## Aim of the exercise:
Without changing a word, return the listing below, minus its images.

## Dataset content:
>>>>>
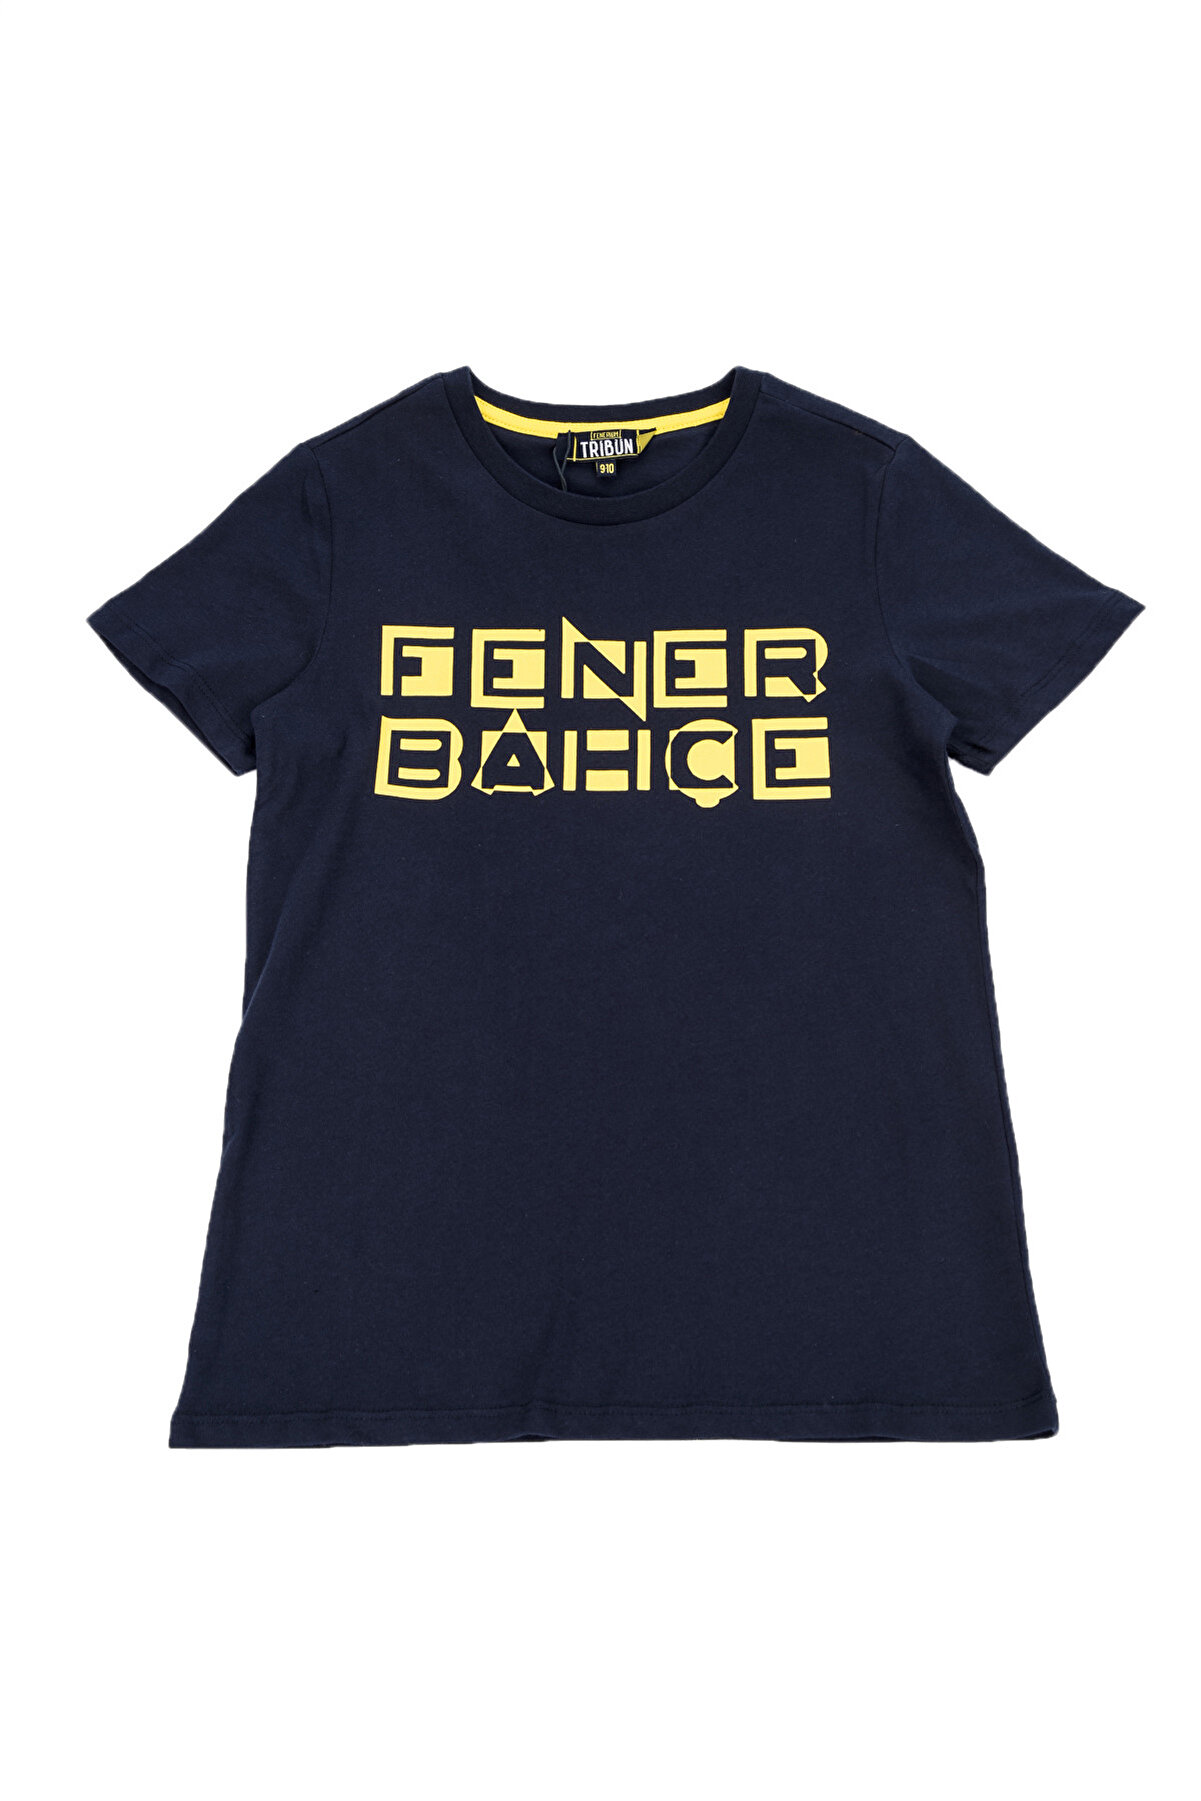 Fenerbahçe Fenerbahçe Çocuk Lacivert T-Shirt - TK010C8K05
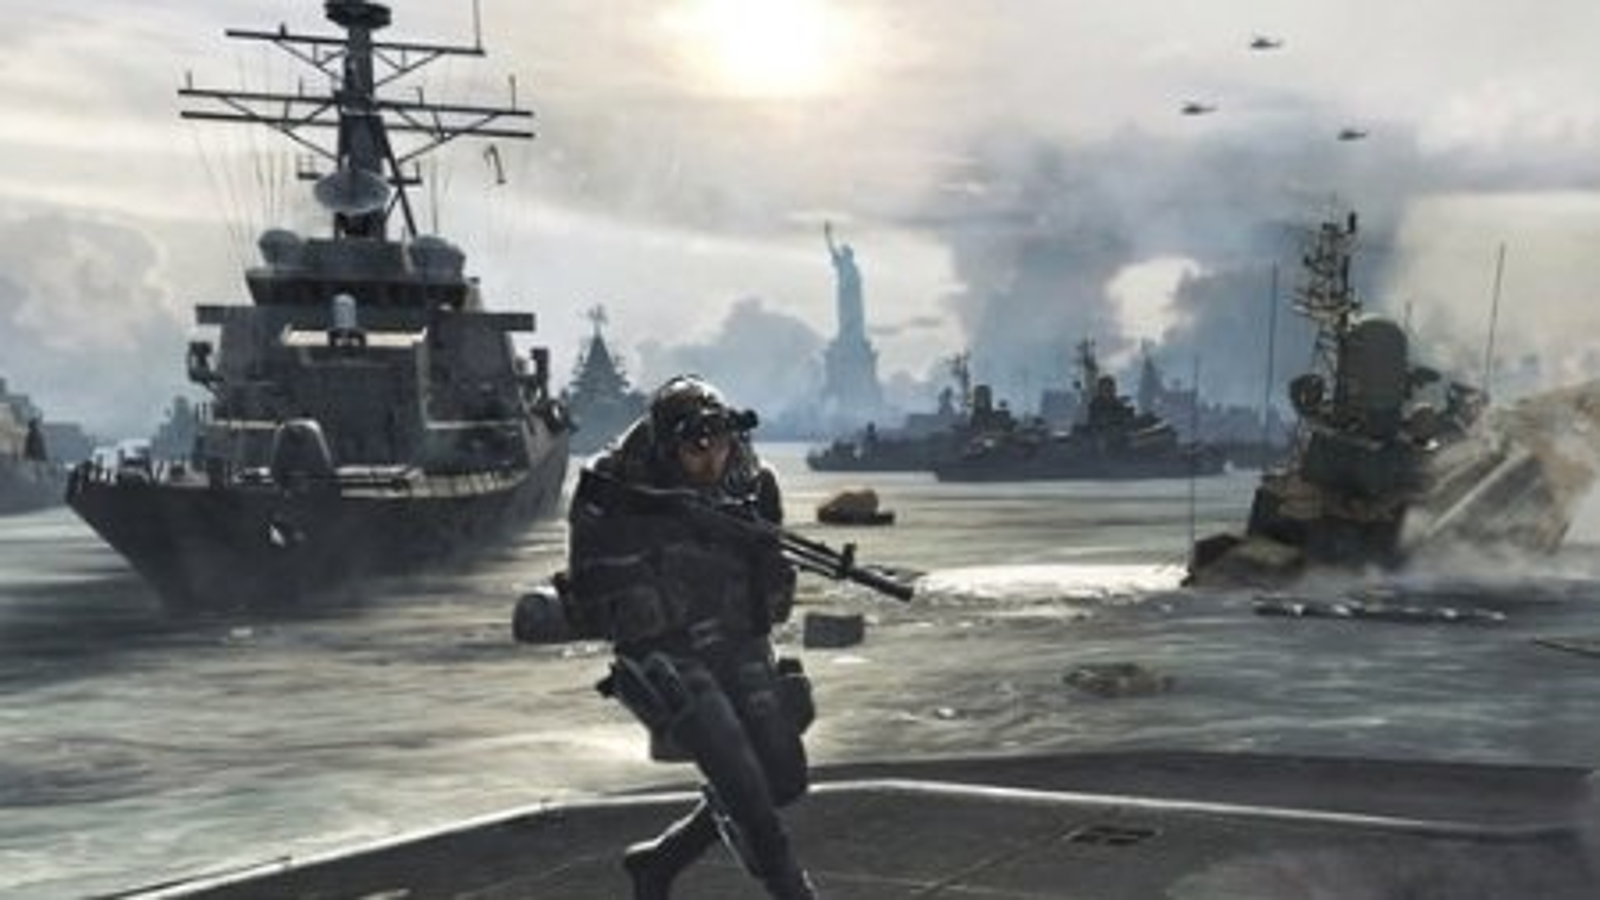 Call of Duty: Modern Warfare 3 (2011), PS3 Game
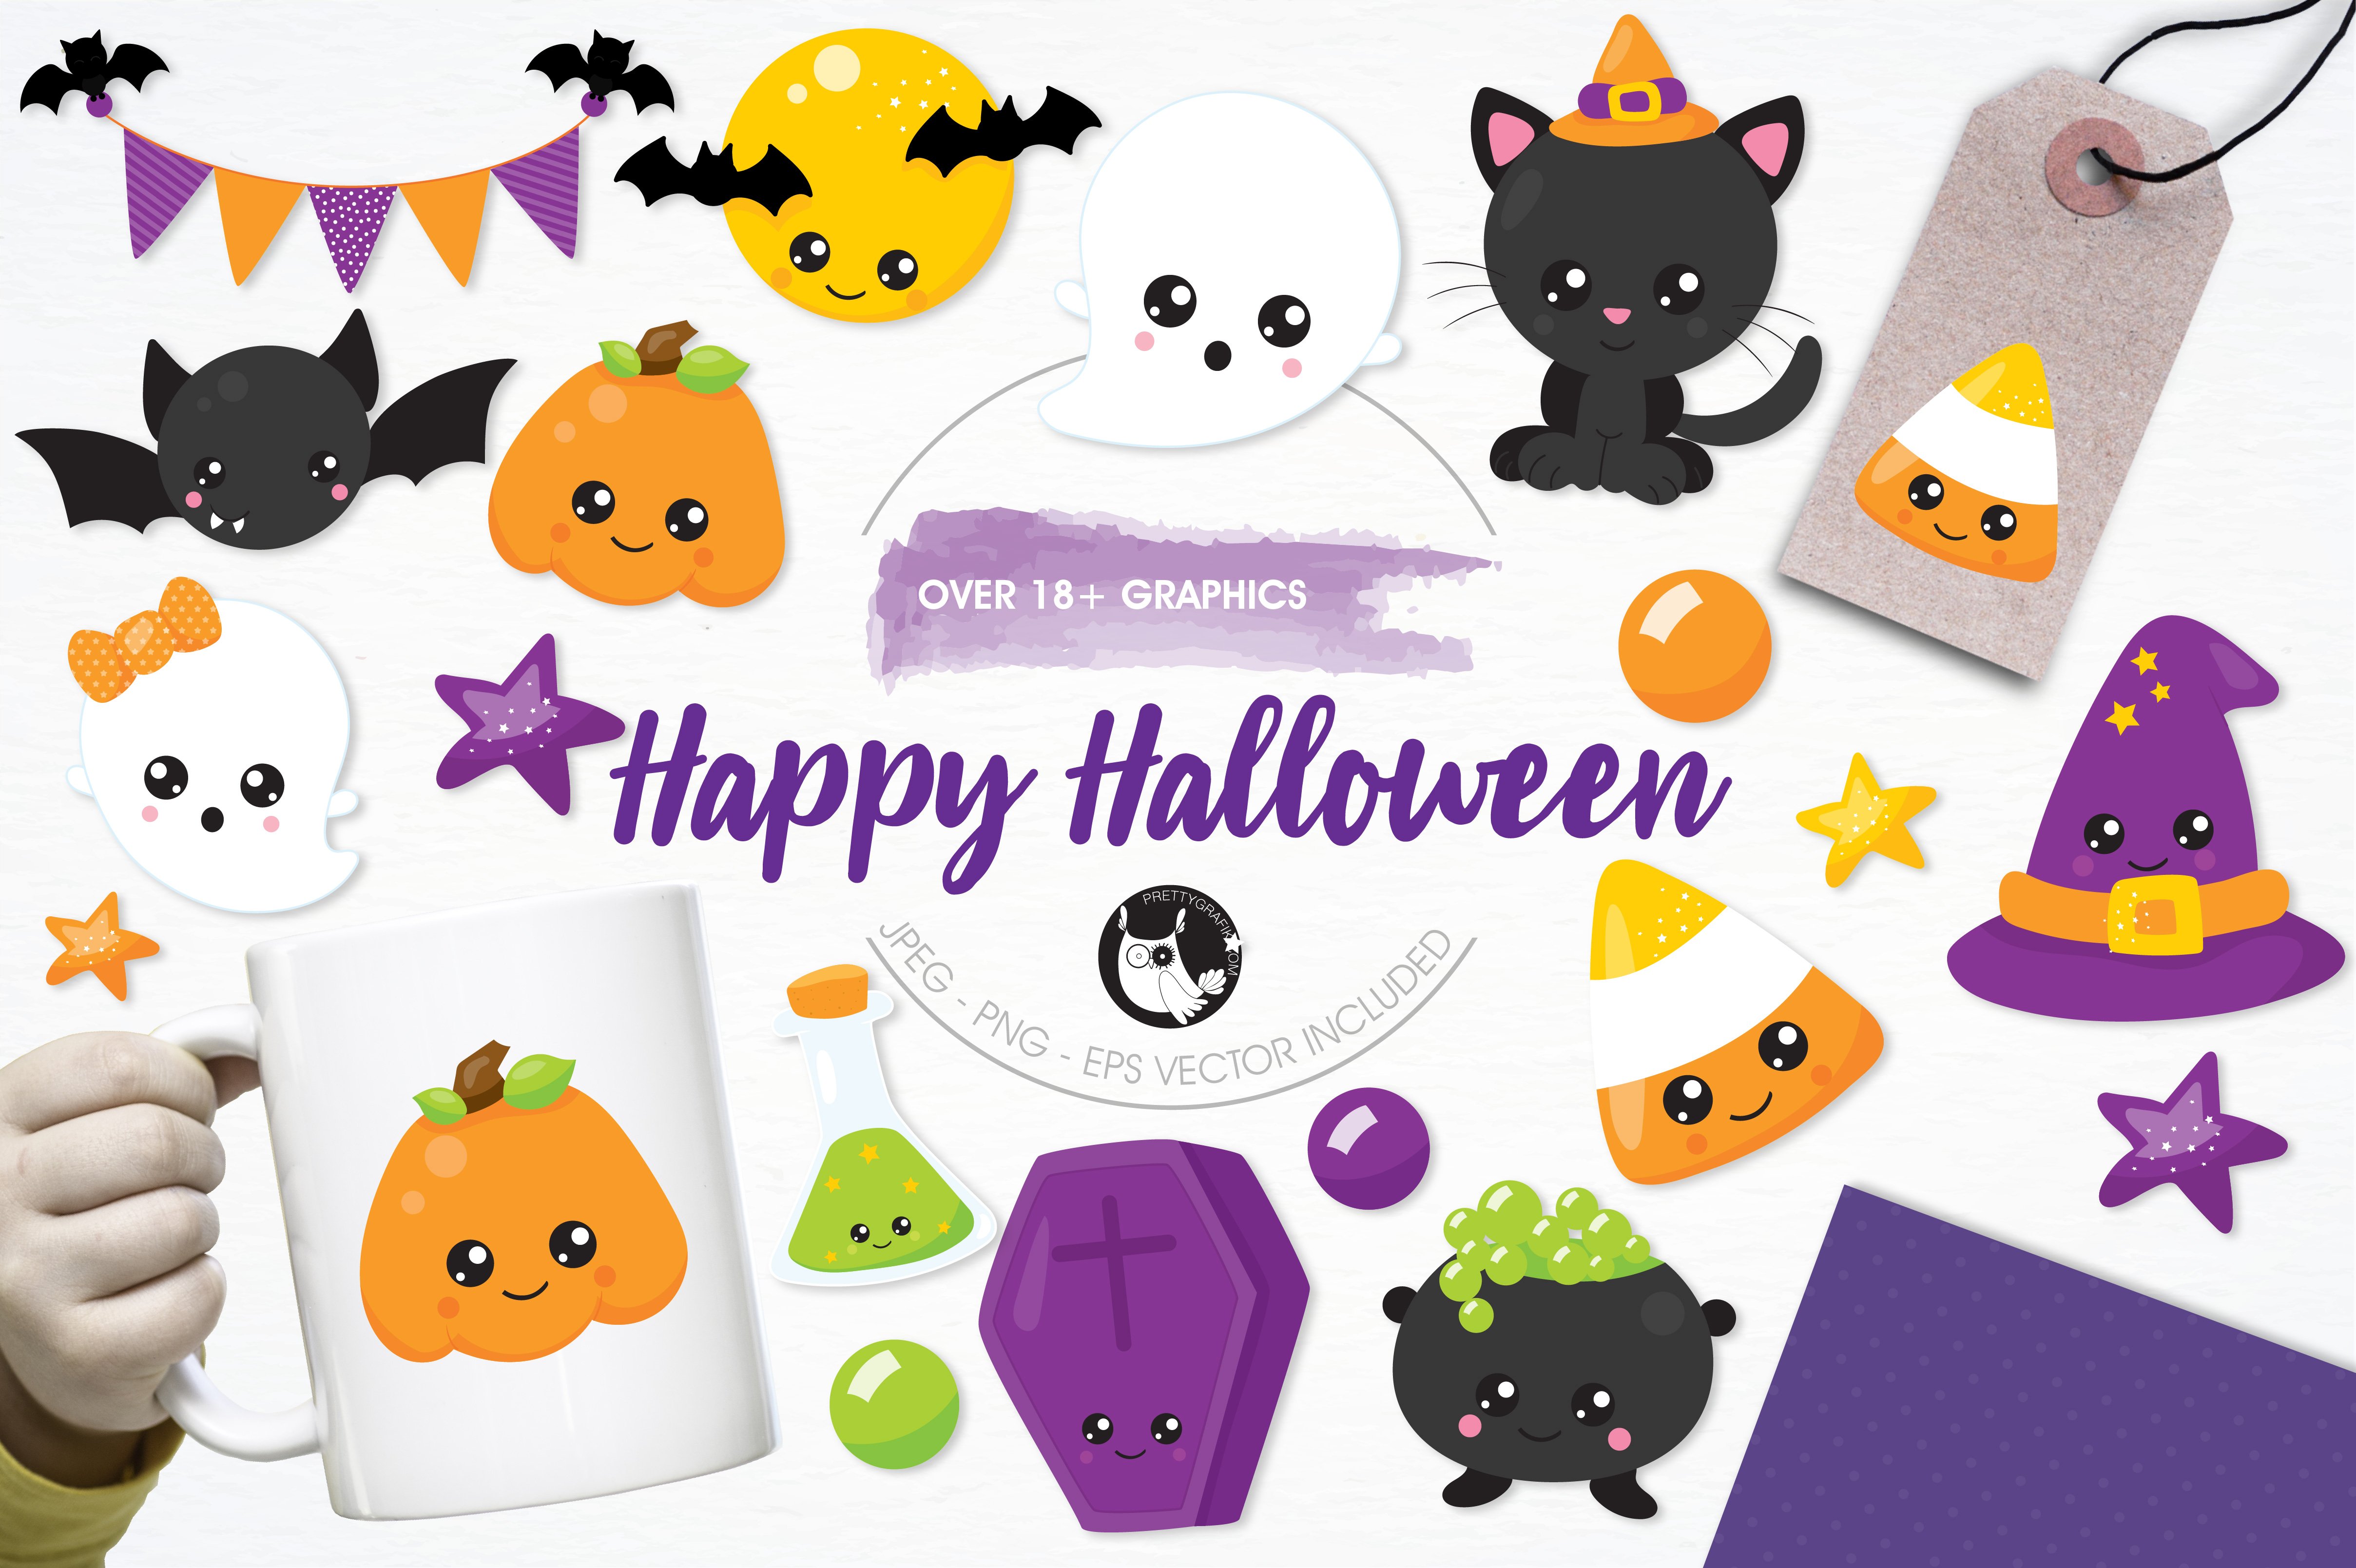 Happy Halloween Illustration Pack - Vector Image
<<<<<
## Solution:
 Fenerbahçe Fenerbahçe Çocuk Lacivert T-Shirt - TK010C8K05
 Call of Duty: Modern Warfare 3 (2011), PS3 Game
 Happy Halloween Illustration Pack - Vector Image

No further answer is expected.